La sensación de pérdida de poder comienza a menudo a una edad temprana, y los padres que
han experimentado esa sensación suelen transmitírsela al menos a uno de sus hijos,
probablemente a aquel que tiene rasgos de carácter parecidos y que al padre no le gustan.
Por tanto, los padres pueden evitar las luchas de poder siendo sinceros sobre lo que no
les gusta de sí mismos. Comprenderse a sí mismo a través de la conciencia de uno mismo
mejora nuestra labor como padres.
Para resolver las luchas de poder tome nota de los siguientes consejos:
1. Haga preguntas en lugar de órdenes.
2. Tenga un lugar donde esconderse cuando se desencadene una lucha de poder.

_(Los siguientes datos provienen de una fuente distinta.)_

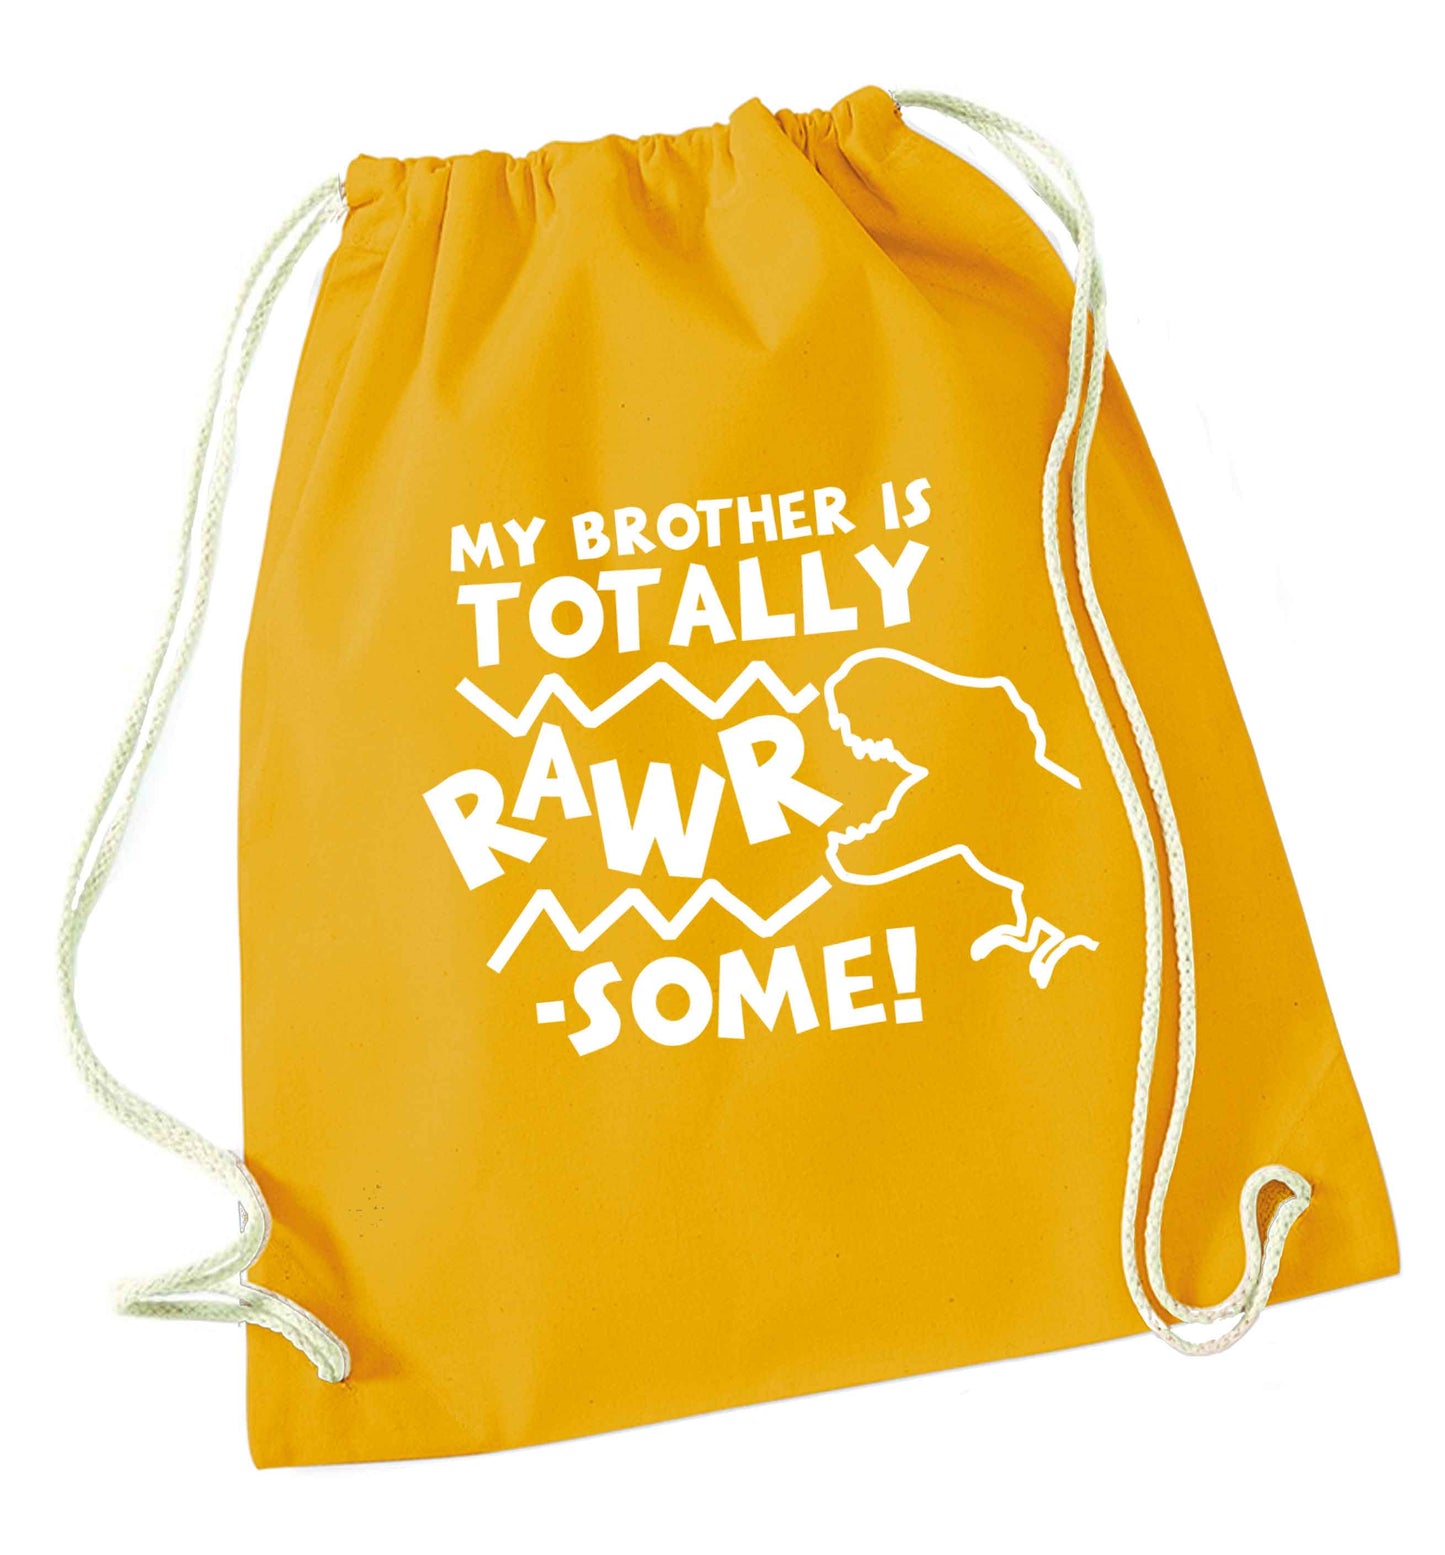 My brother is totally rawrsome mustard drawstring bag

3. Proporcione a su hijo más de una opción para elegir.
4. La persona a quien usted tiene que controlar es a sí mismo, no a su hijo.
5. Soltar una carcajada en mitad de una lucha de poder consigue pararla.

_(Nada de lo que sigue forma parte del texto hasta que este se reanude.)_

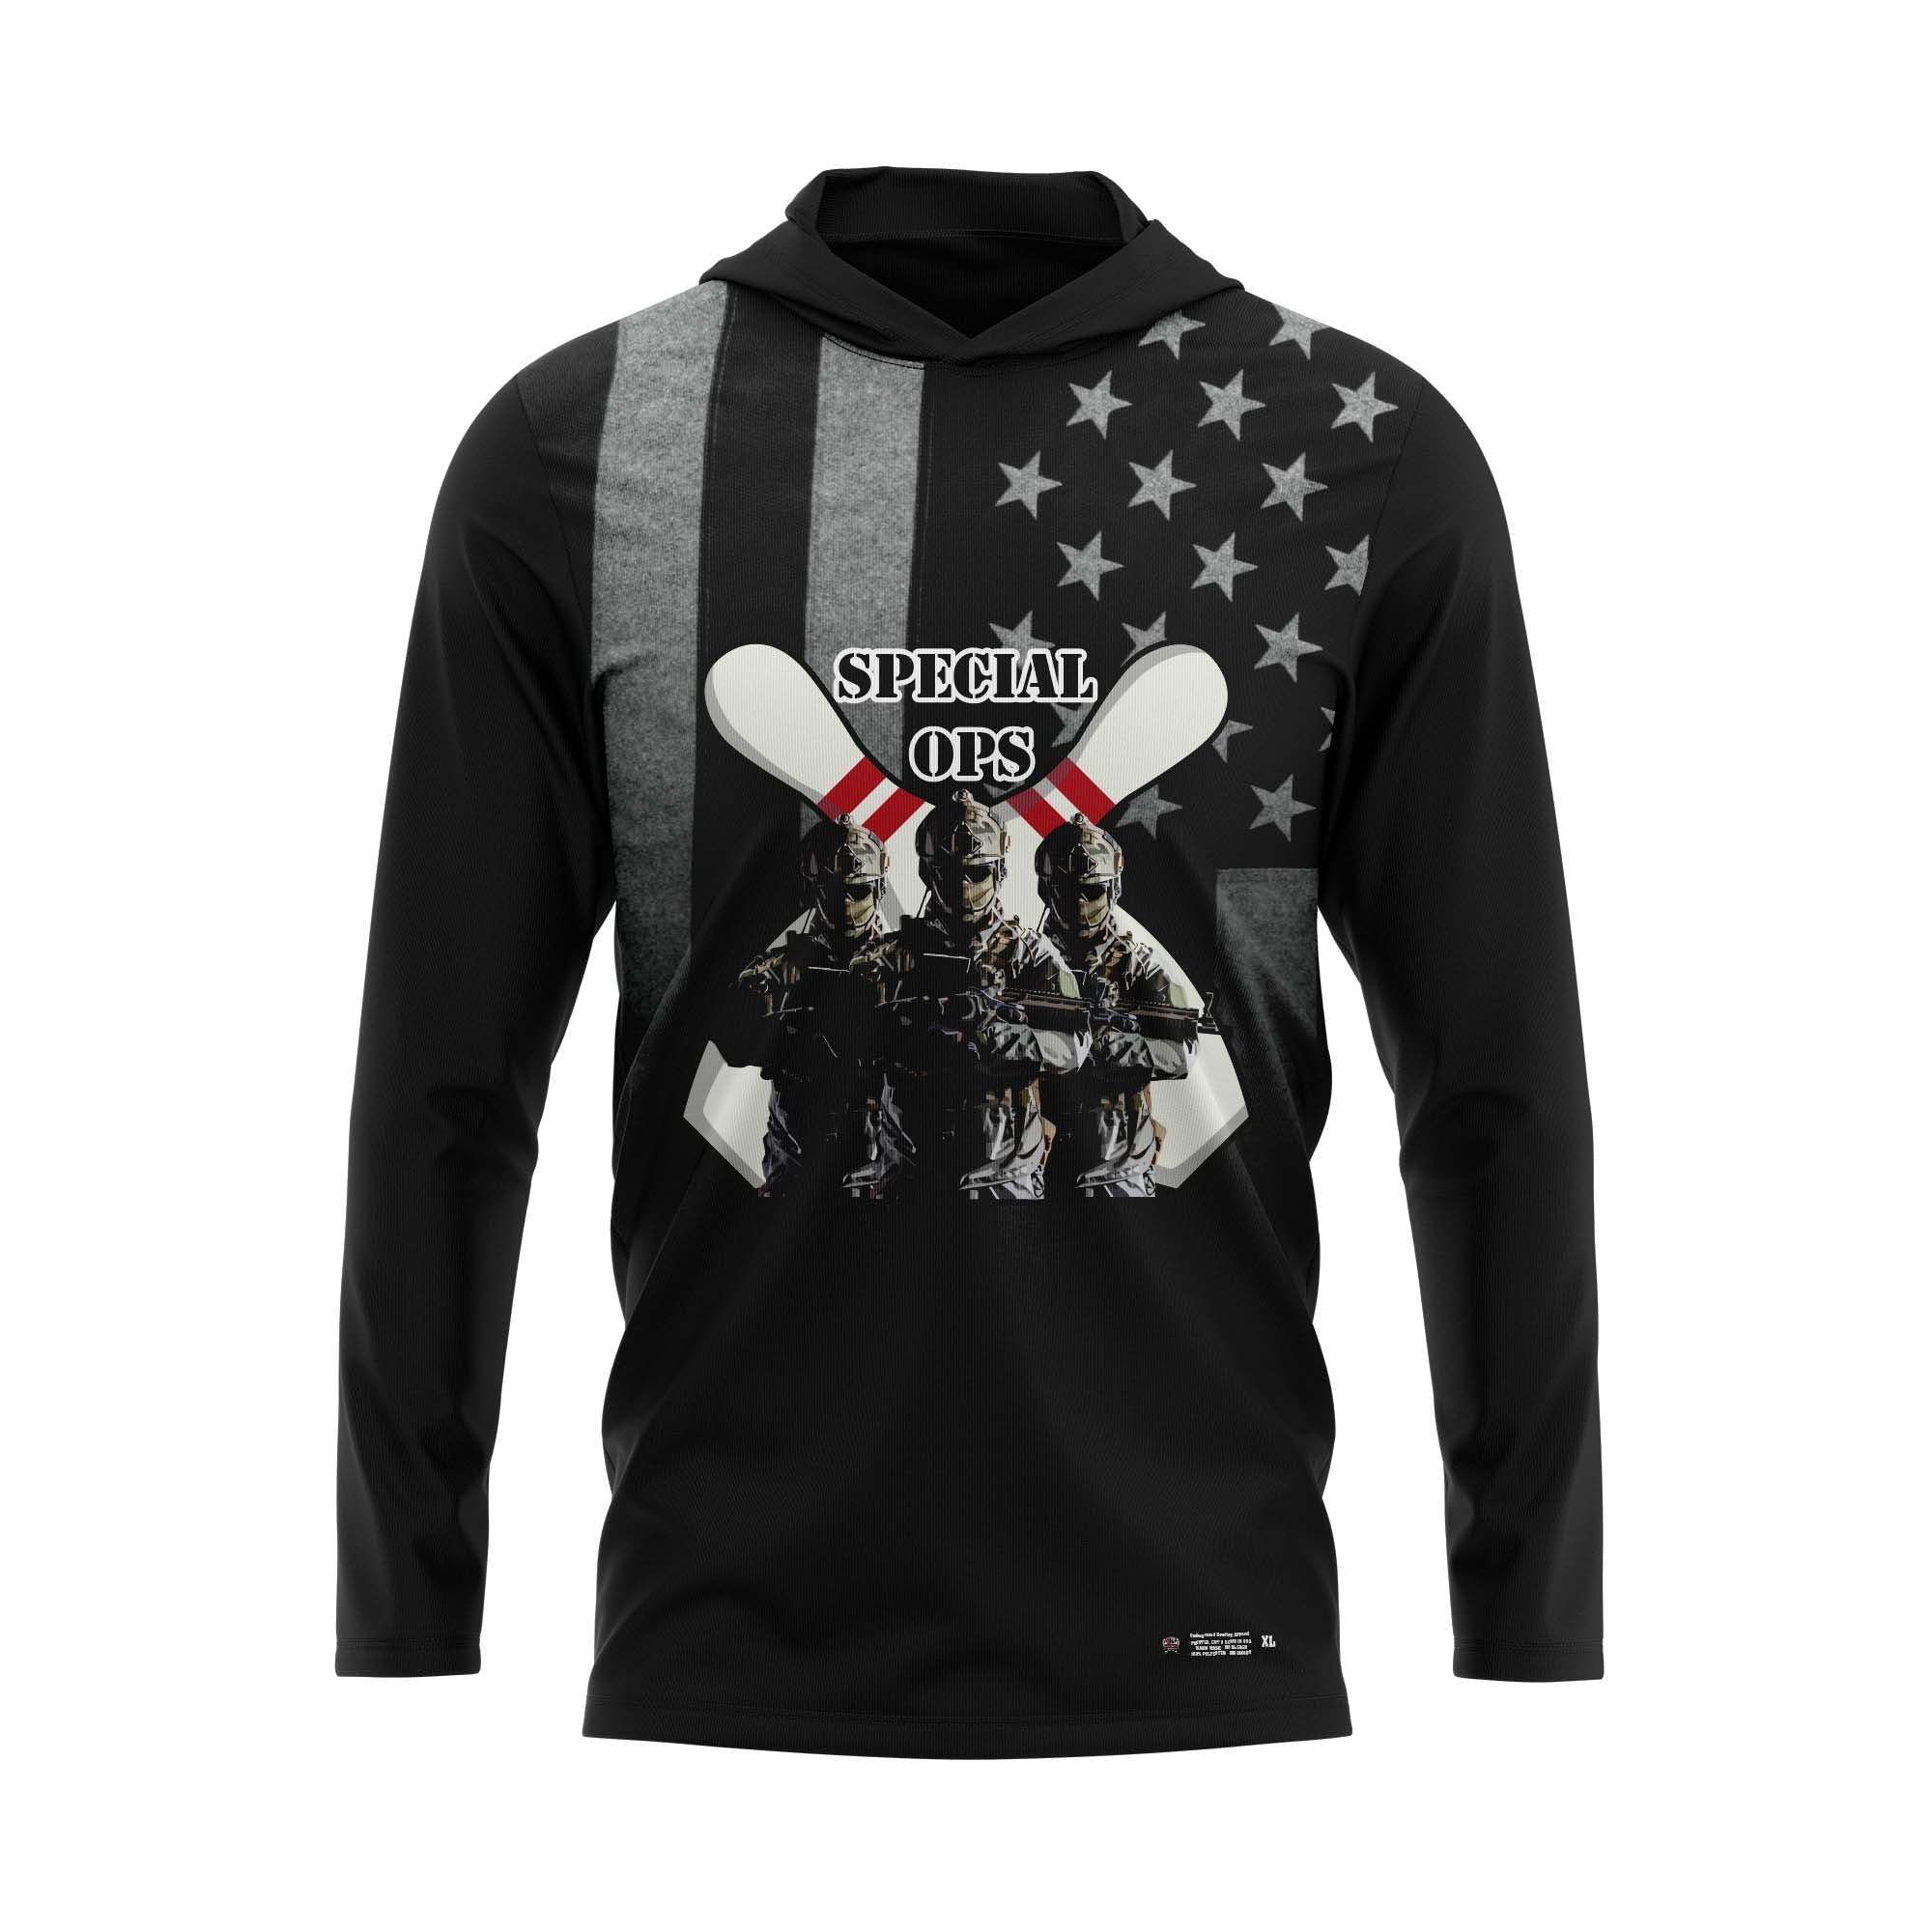 Special Ops Flag Jersey

Enfrentarse a una lucha de poder de manera inteligente es el
primer paso para convertirse en mejor padre.
CÓMO ALABAR Y CRITICAR A LOS NIÑOS
Las alabanzas y las críticas son juicios que una persona emite sobre otra. Saber
comunicar dichos juicios mejorará la labor de los padres y su relación con sus hijos.
Elogiar al niño cuando él se lo espera sólo demuestra que el padre está haciendo lo
que "debe" hacer un buen padre. Cuando el niño muestra un trabajo que ha hecho
en el colegio y que él cree que es maravilloso, busca los elogios para reforzar sus
propios sentimientos. Está bien concedérselos, pero es su propia opinión la que debe
guiarle, no el juicio de los padres.
Cuando el niño sabe que ha hecho algo mal y no puede evitar que los padres lo descubran,
la crítica y el castigo posterior ya se han formado en su mente, aunque todavía los
padres no hayan intervenido. El niño sabrá cuando ha hecho algo mal si ha aprendido a
juzgar sus propias actuaciones.
Decir cosas agradables a los niños cuando no se lo esperan tendrá un efecto duradero.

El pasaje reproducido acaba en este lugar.